Aim of the task –
Print only the lines from the top of the data through the line with "Nuovo bagno con", both included, skipping every picture.

** Opening Given data block **

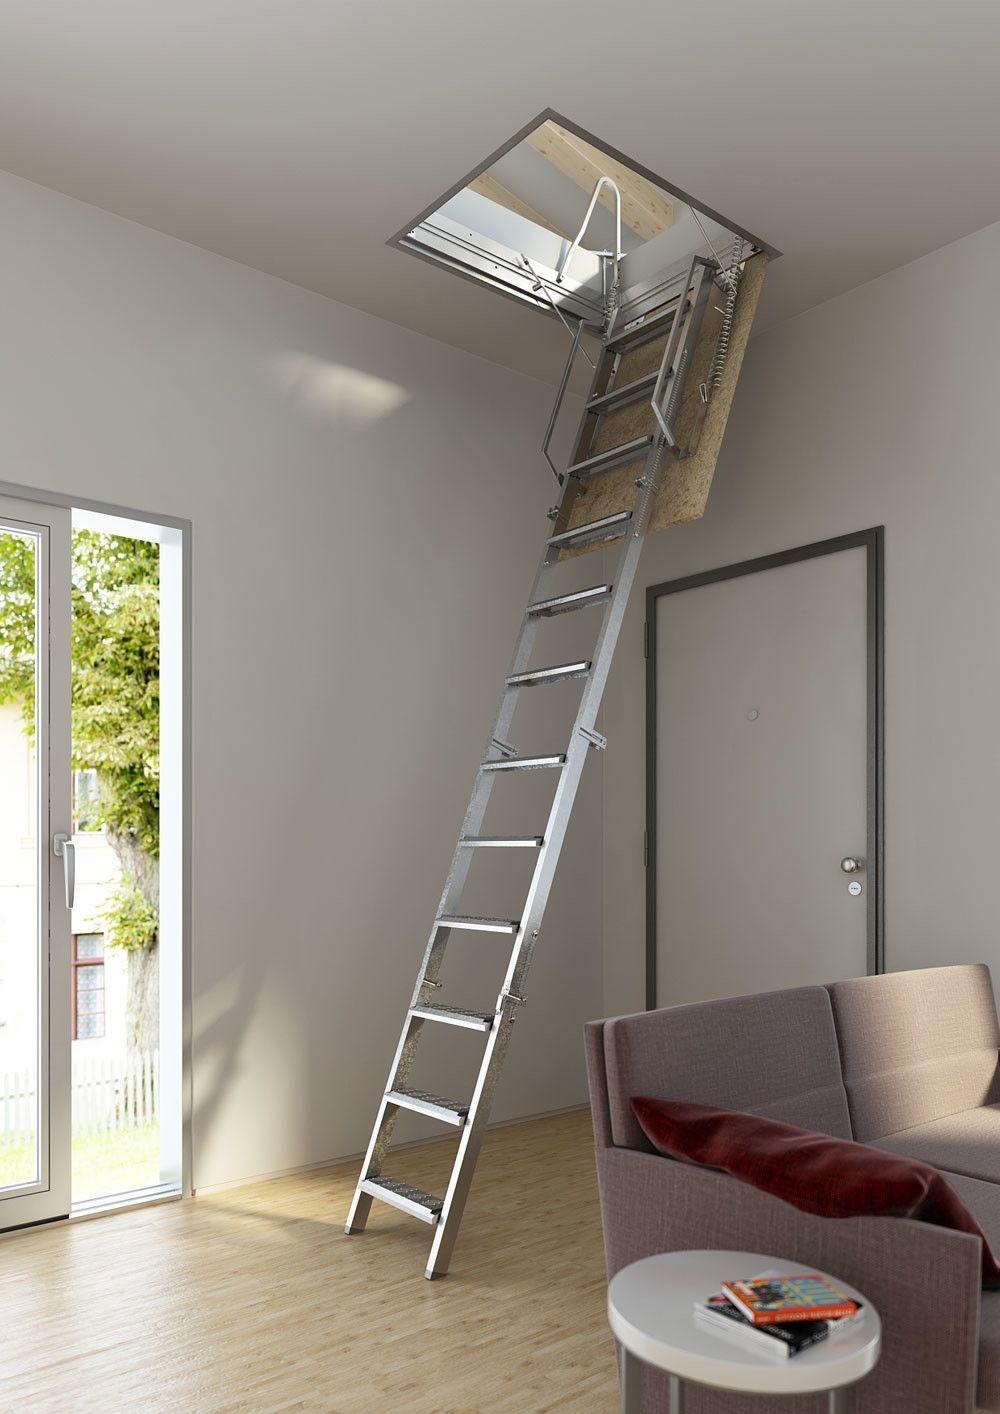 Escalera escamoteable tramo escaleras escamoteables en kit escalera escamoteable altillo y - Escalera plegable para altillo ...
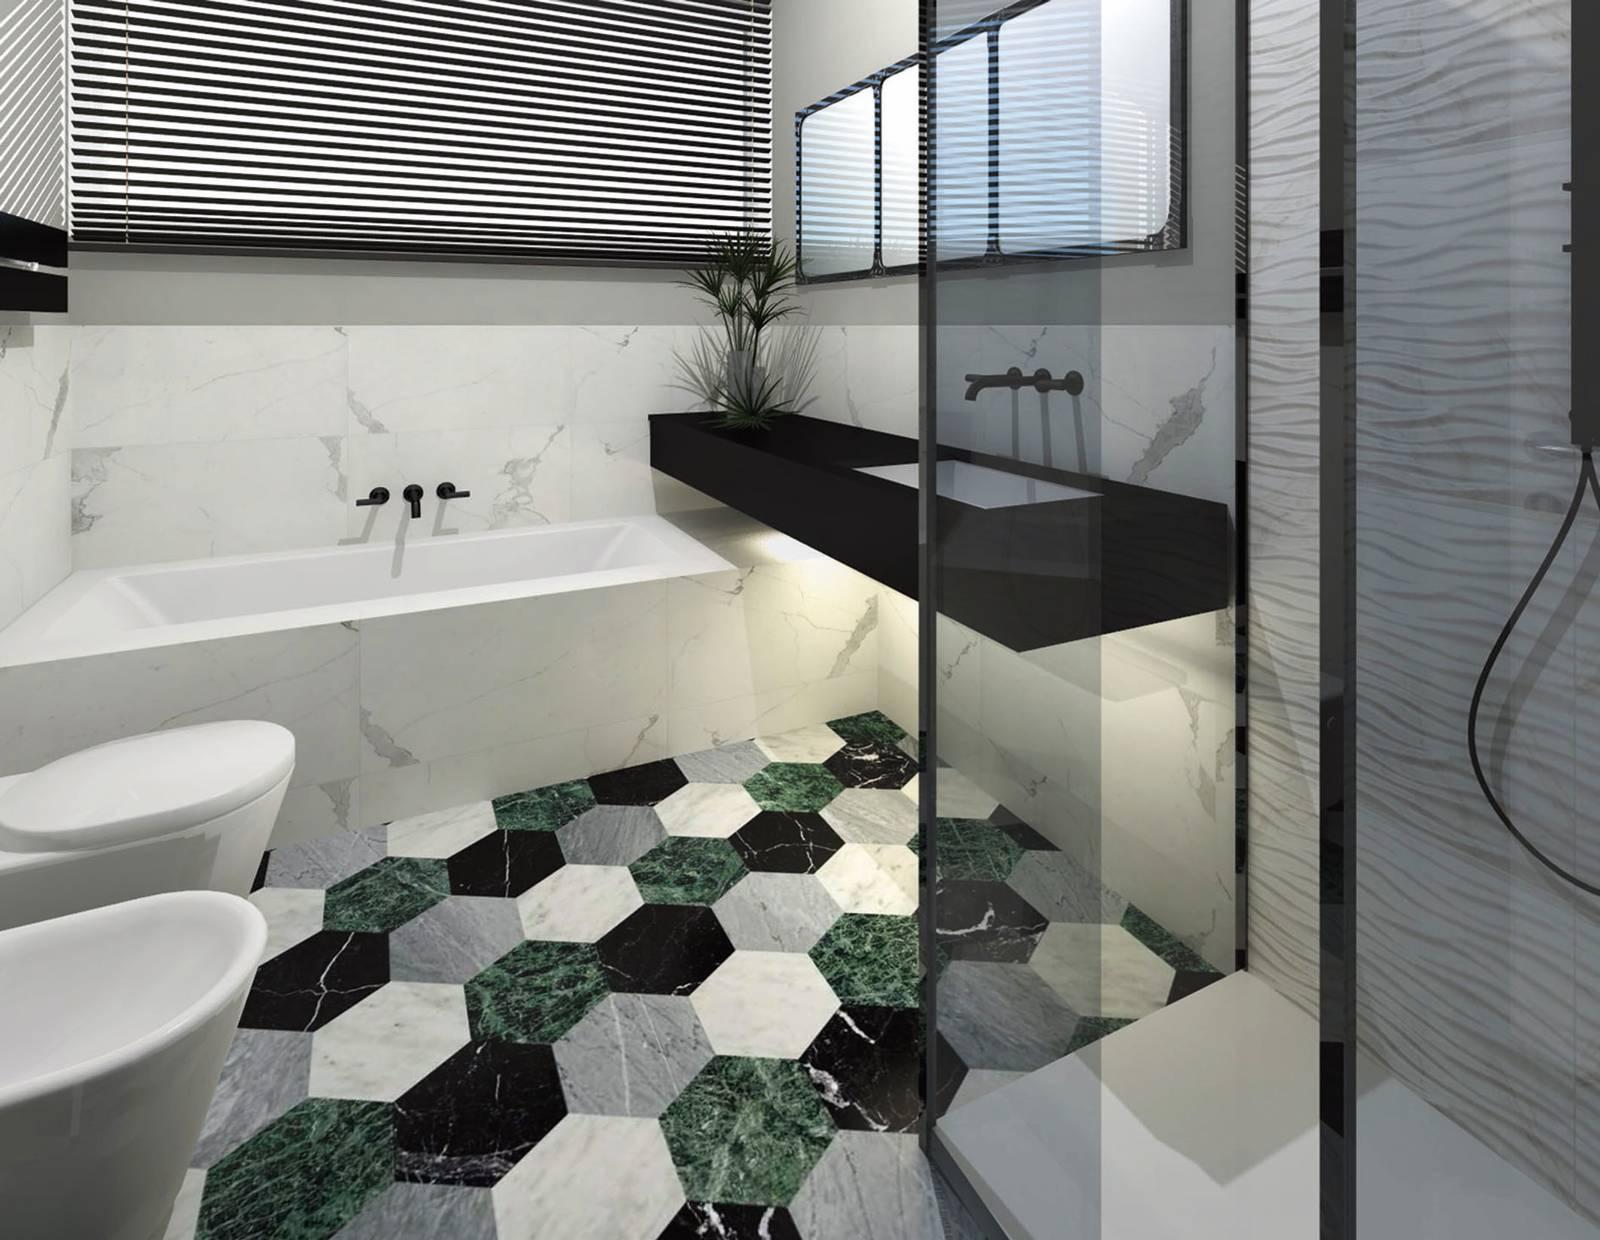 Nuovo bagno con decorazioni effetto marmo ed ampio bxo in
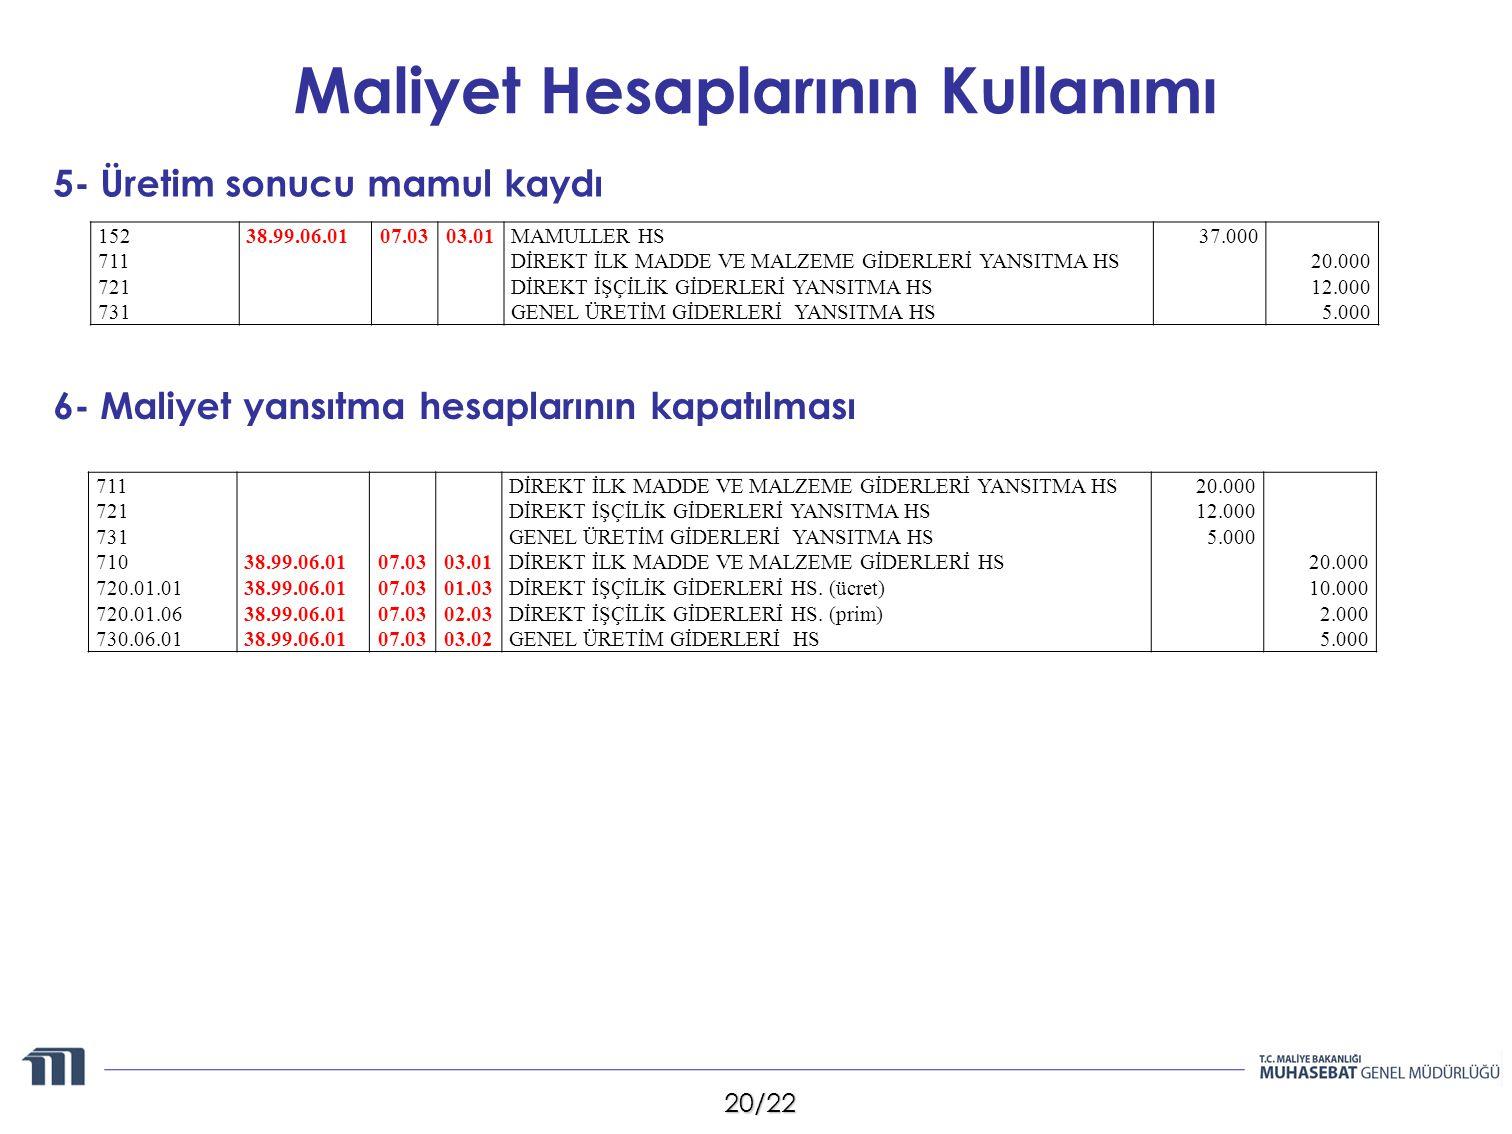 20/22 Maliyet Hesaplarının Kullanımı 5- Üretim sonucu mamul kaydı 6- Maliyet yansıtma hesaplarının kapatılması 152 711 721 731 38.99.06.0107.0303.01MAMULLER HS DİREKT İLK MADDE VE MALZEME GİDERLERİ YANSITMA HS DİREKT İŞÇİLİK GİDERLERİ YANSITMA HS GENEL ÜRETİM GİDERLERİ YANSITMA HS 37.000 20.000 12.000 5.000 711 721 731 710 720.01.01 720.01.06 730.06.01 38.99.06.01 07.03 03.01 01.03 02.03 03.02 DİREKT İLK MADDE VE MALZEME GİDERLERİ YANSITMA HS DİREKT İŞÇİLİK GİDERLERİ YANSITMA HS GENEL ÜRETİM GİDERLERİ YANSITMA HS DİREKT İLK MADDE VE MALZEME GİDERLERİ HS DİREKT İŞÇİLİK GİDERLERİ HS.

** Closing Given data block **

Output below –
 Escalera escamoteable tramo escaleras escamoteables en kit escalera escamoteable altillo y - Escalera plegable para altillo ...
 Nuovo bagno con decorazioni effetto marmo ed ampio bxo in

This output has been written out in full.